Rethinking PGD Attack: Is Sign Function Necessary?
Junjie Yang, Tianlong Chen, Xuxi Chen, Zhangyang Wang, Yingbin Liang
TL;DR
This work questions the necessity of the sign function in $L_\infty$ PGD attacks by analyzing how update rules affect adversarial gains per step. It identifies clipping as a key reason raw gradients underperform and introduces a hidden non-clipped perturbation mechanism, yielding Raw Gradient Descent (RGD) that updates a non-clipped internal state while clipping is applied to the gradient step. The authors provide theoretical bounds on step gains and support them with extensive experiments showing RGD outperforms vanilla PGD and PGD(raw) across datasets, architectures, and training regimes, including adversarial training and transfer attacks, without extra computational cost. These findings offer a practical alternative for robust adversarial generation and reinforce the potential to improve defense via stronger initial perturbations.
Abstract
Neural networks have demonstrated success in various domains, yet their performance can be significantly degraded by even a small input perturbation. Consequently, the construction of such perturbations, known as adversarial attacks, has gained significant attention, many of which fall within "white-box" scenarios where we have full access to the neural network. Existing attack algorithms, such as the projected gradient descent (PGD), commonly take the sign function on the raw gradient before updating adversarial inputs, thereby neglecting gradient magnitude information. In this paper, we present a theoretical analysis of how such sign-based update algorithm influences step-wise attack performance, as well as its caveat. We also interpret why previous attempts of directly using raw gradients failed. Based on that, we further propose a new raw gradient descent (RGD) algorithm that eliminates the use of sign.
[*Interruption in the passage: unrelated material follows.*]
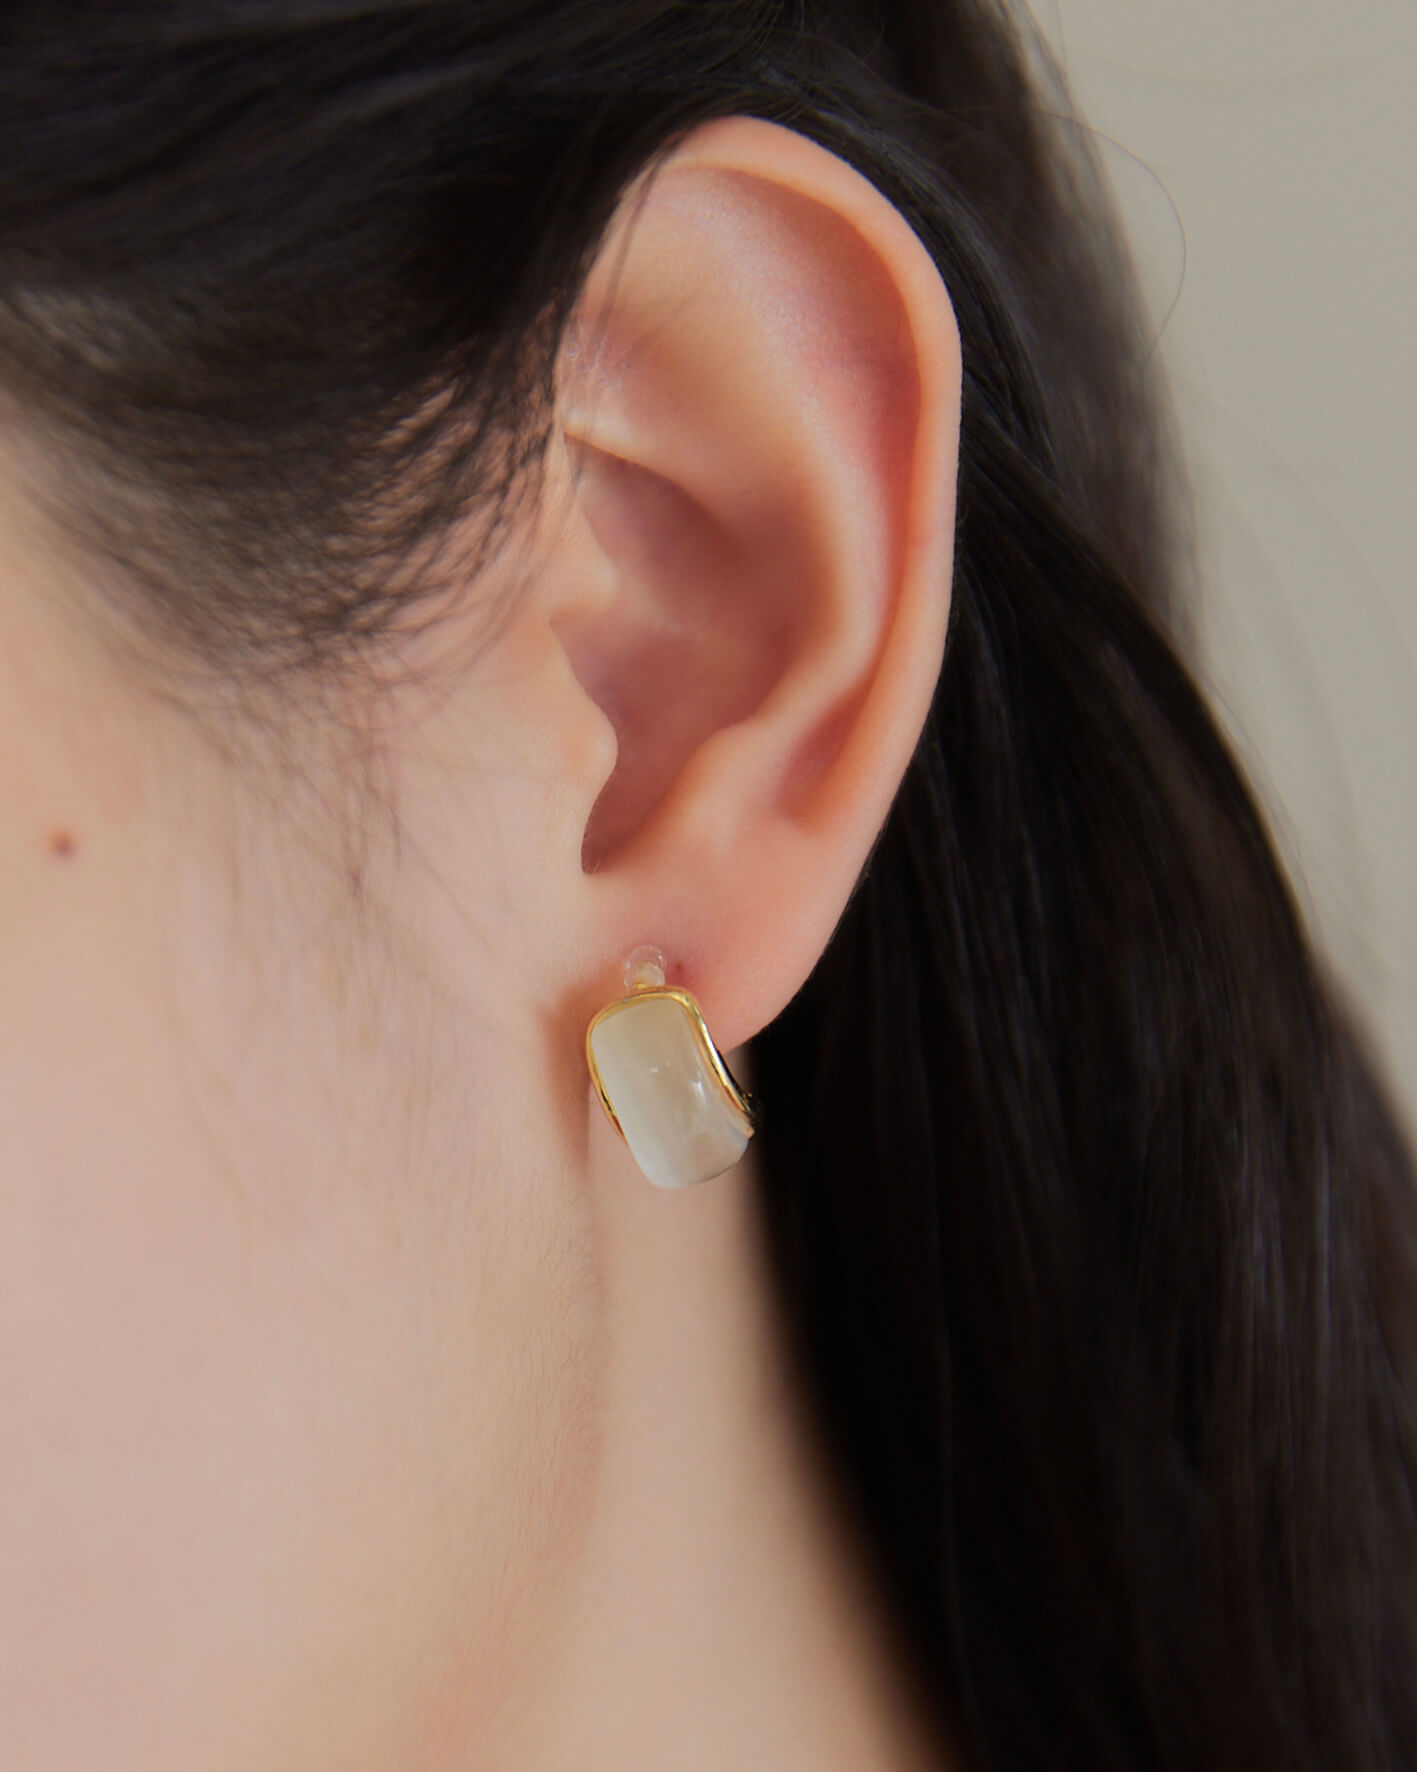 式耳環,矽膠夾耳環,透明耳夾耳環,無痛耳夾耳環,珠貝耳環

Specifically, we convert the constrained optimization problem into an unconstrained one, by introducing a new hidden variable of non-clipped perturbation that can move beyond the constraint. The effectiveness of the proposed RGD algorithm has been demonstrated extensively in experiments, outperforming PGD and other competitors in various settings, without incurring any additional computational overhead. The codes is available in https://github.com/JunjieYang97/RGD.